Malgré le contrôle renforcé des autorités sur l'Internet, les parodies de films et de chansons ont fleuri ces dernières années en Chine sur la toile, donnant naissance à un genre particulier, l'«egao».

Malgré le contrôle renforcé des autorités sur l'Internet, les parodies de films et de chansons ont fleuri ces dernières années en Chine sur la toile, donnant naissance à un genre particulier, l'«egao».

Le phénomène est tellement récent qu'aucun dictionnaire ne donne encore la définition d'«egao», mot composé des caractères «féroce» et «se moquer».

À son corps défendant, Hu Ge, ancien professeur de musique, est un des plus illustres représentants de ces nouveaux histrions du Web.

«J'ai juste utilisé Internet parce que c'était le seul moyen de sortir mes films», explique-t-il.

Stores tirés en plein après-midi, le jeune trentenaire monte ses vidéos dans son petit pavillon de la banlieue shanghaienne. Son mobilier se résume à quelques étagères et un bureau massif encombré d'écrans, d'enceintes, de câbles et disques durs.

«L'Internet est devenu un des pans les plus importants de la nouvelle culture chinoise, pour les jeunes générations. Il n'existe pas tant de moyens que ça pour communiquer», résume ce fan de Matrix.

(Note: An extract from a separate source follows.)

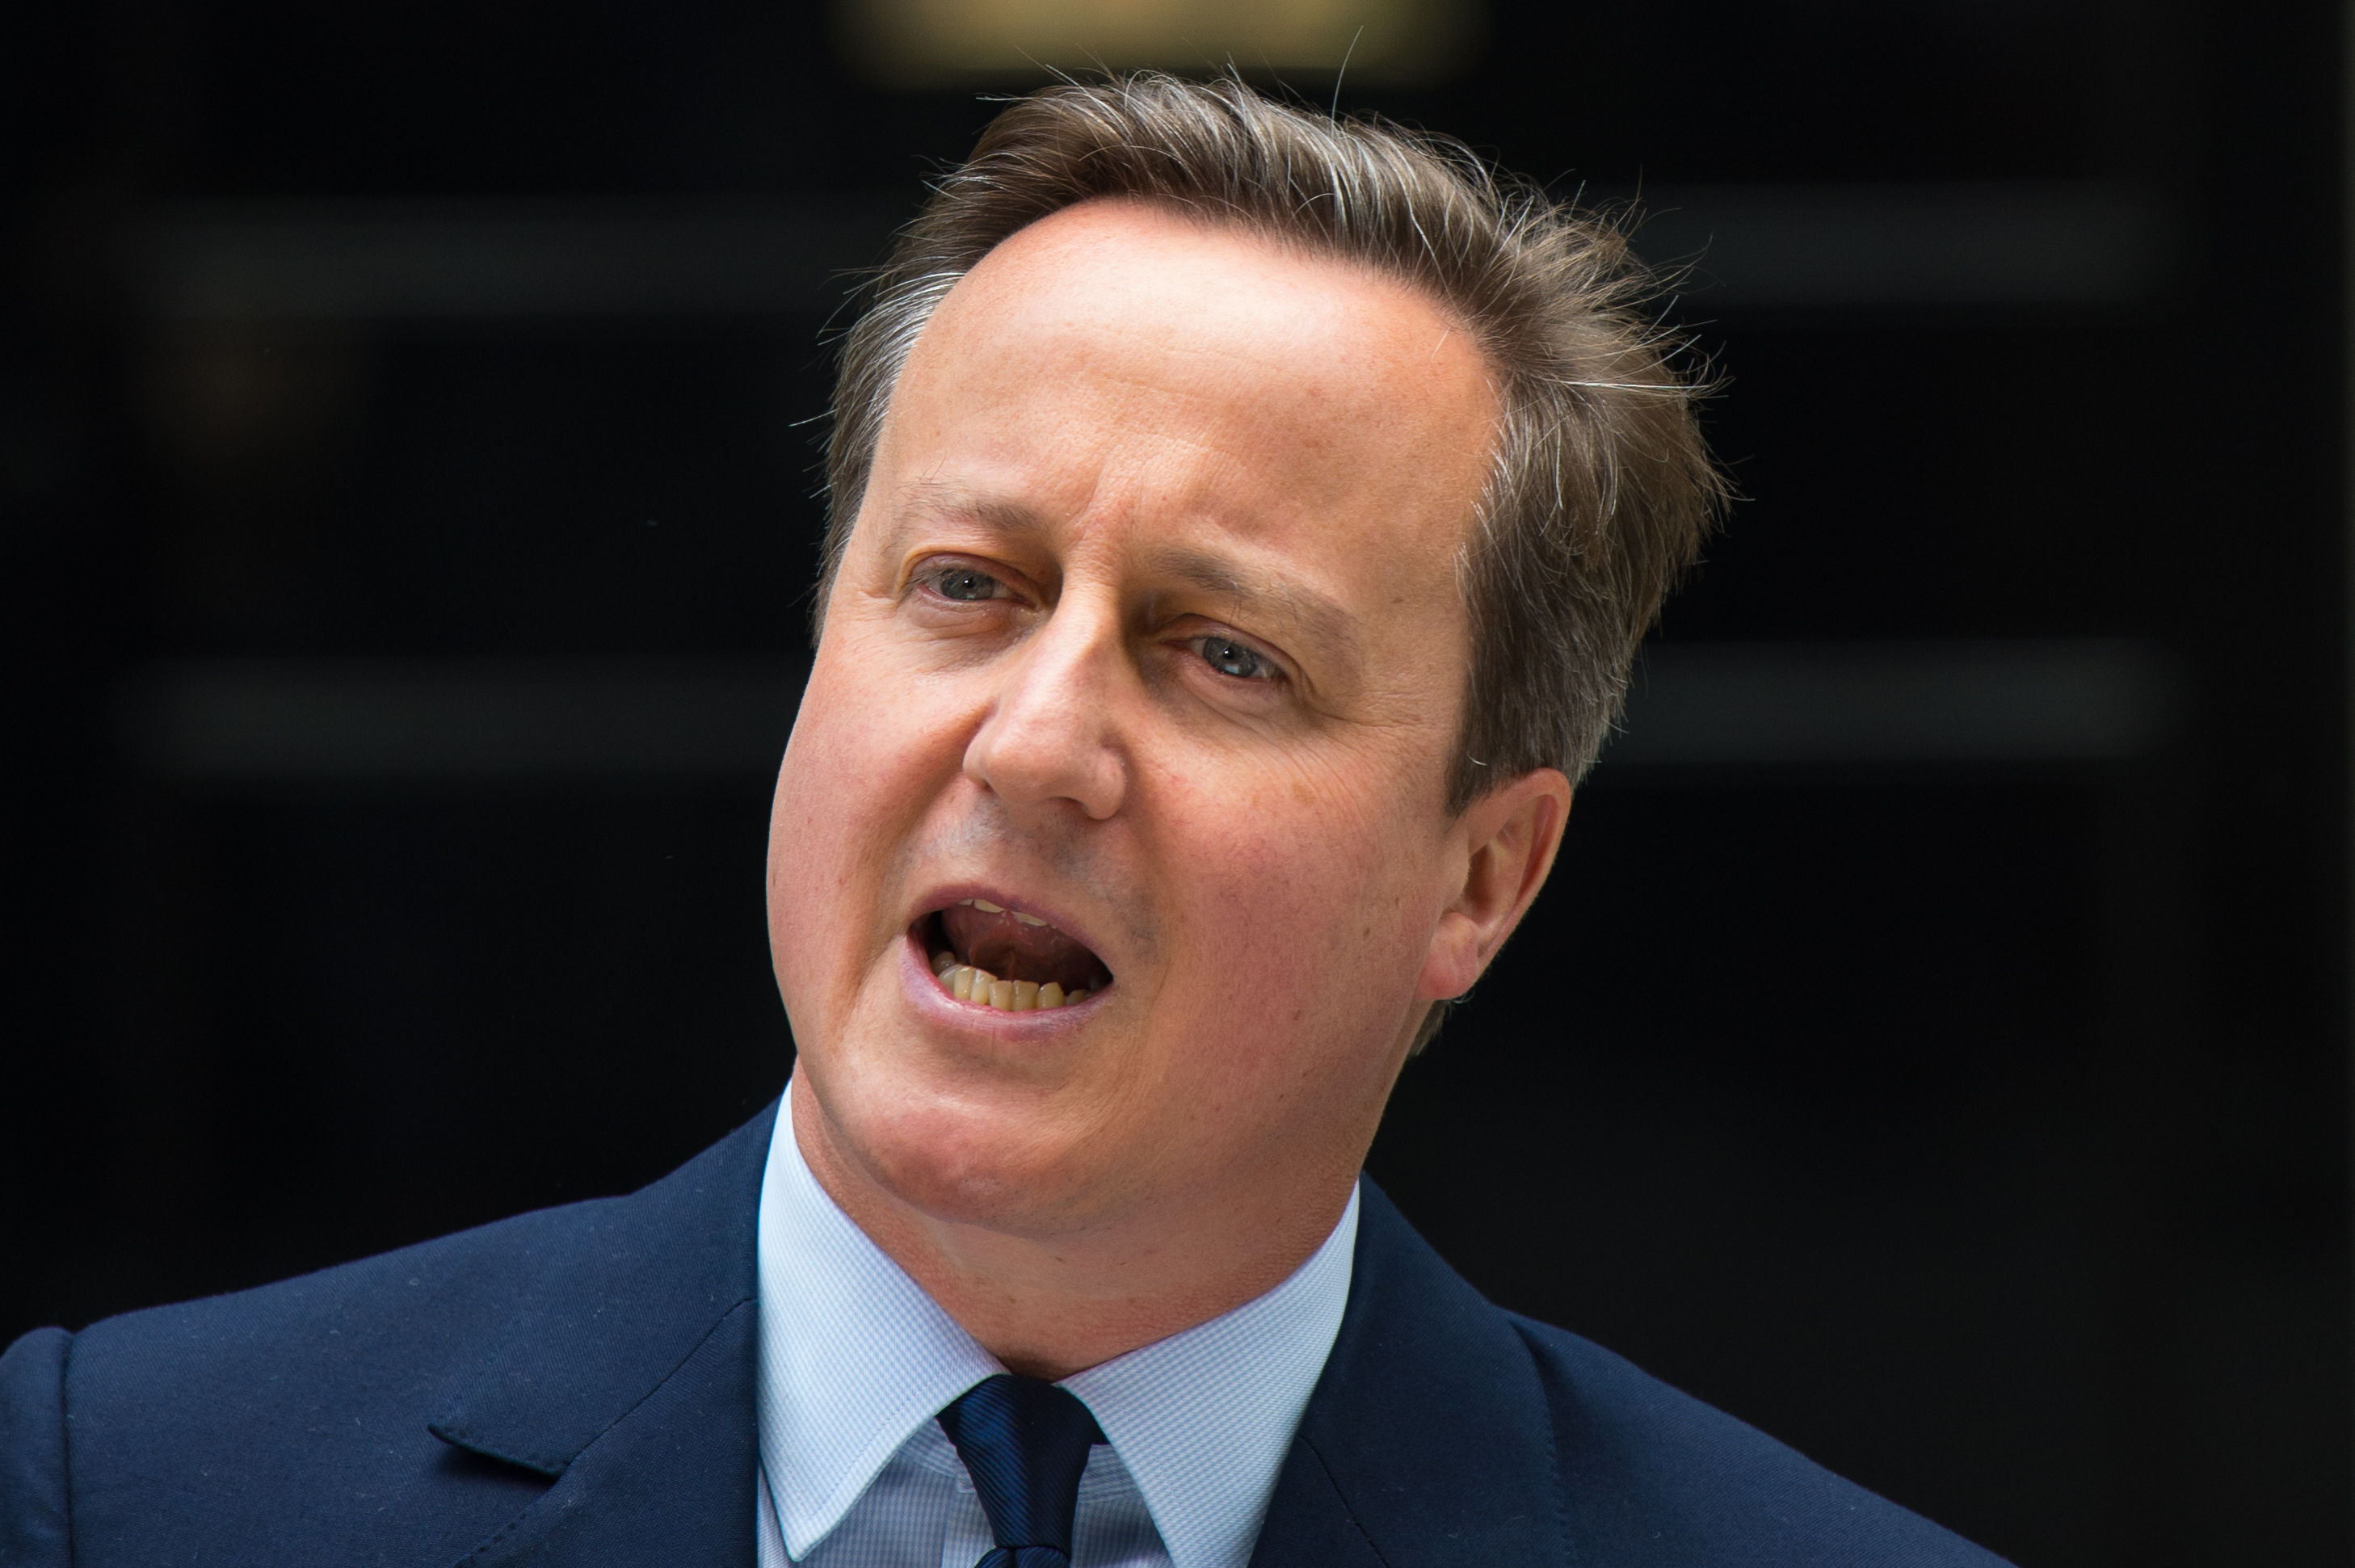 David Cameron approved the pay rises months before his resignation.

Hu Ge est devenu célèbre en 2005 après la sortie de son court métrage «La tragédie provoquée par un petit pain à la vapeur», qui tournait en ridicule la superproduction de Chen Kaige «La Promesse».

Le film à grand spectacle, assassiné par la critique et une large partie du public chinois déçus, a d'autant plus fait rire dans sa version burlesque, à tel point que le célèbre réalisateur avait même évoqué des poursuites en justice.

Depuis, l'histrion continue ses réalisations. Avec un petit appui financier de 6rooms.com - équivalent d'un YouTube chinois - et un système D de chaque instant, Hu continue de vivre de ses petits films.

«Les acteurs sont des amis ou des amis d'amis. Je ne gagne pas beaucoup mais assez pour vivre», résume-t-il, philosophe, en attendant que des projets plus concrets se débloquent.

Son dernier film, sorti en janvier, ne dément pas sa popularité sur le web. «007 contre l'Homme en noir», qui évoque un royaume imaginaire ressemblant fortement à la Corée du Nord de Kim Jong-il, a déjà totalisé plus de 10 millions de spectateurs sur 6rooms.com, sans compter les reprises sur d'autres sites.

Hu Ge n'est pas seul. Les Back Dormitory Boys, parodie du groupe américain Back Street Boys, ont acquis leur notoriété depuis leur chambre d'étudiants de l'école des Beaux-Arts de la province du Guangdong (sud). Huang Yixin et Wei Wei ont posé une webcam sur leur bureau devant laquelle ils avaient pris l'habitude de parodier des tubes de variété.

Ils auraient récemment signé un contrat de cinq ans avec l'agence pékinoise Taihe Rye Music, selon le China Daily.

La figure d'un stagiaire pompiste, surnommé Xiaopang (littéralement «petit gros») a elle aussi agité la toile, au gré des montages photo qui la collaient sur toutes les affiches de films hollywoodiens en remplacement de Leonardo di Caprio et autres stars. Récemment «Xiaopang» est devenu une vedette, multipliant les interviews aux médias nationaux et étrangers.

Pour Gu Jun, professeur de sociologie à l'Université de Shanghai, «l'egao correspond à un nouveau style de vie pour les jeunes. C'est la seule façon qu'ils ont de s'exprimer. Et les blogs répondent à cette même définition. C'est un nouveau moyen d'expression qui permet aux jeunes Chinois d'atteindre le plus large public possible».

Face à la montée de l'utilisation de l'Internet, les autorités n'ont pas d'autres choix que d'ouvrir le réseau, tout en resserrant paradoxalement les contrôles.

«Les blogues permettent aux gens d'exprimer leurs idées mais aussi de les tester. Ils ont un impact fondamental sur le développement de la démocratie et de la société civile», résume Xia Xueluan, professeur de sociologie à l'Université de Pékin.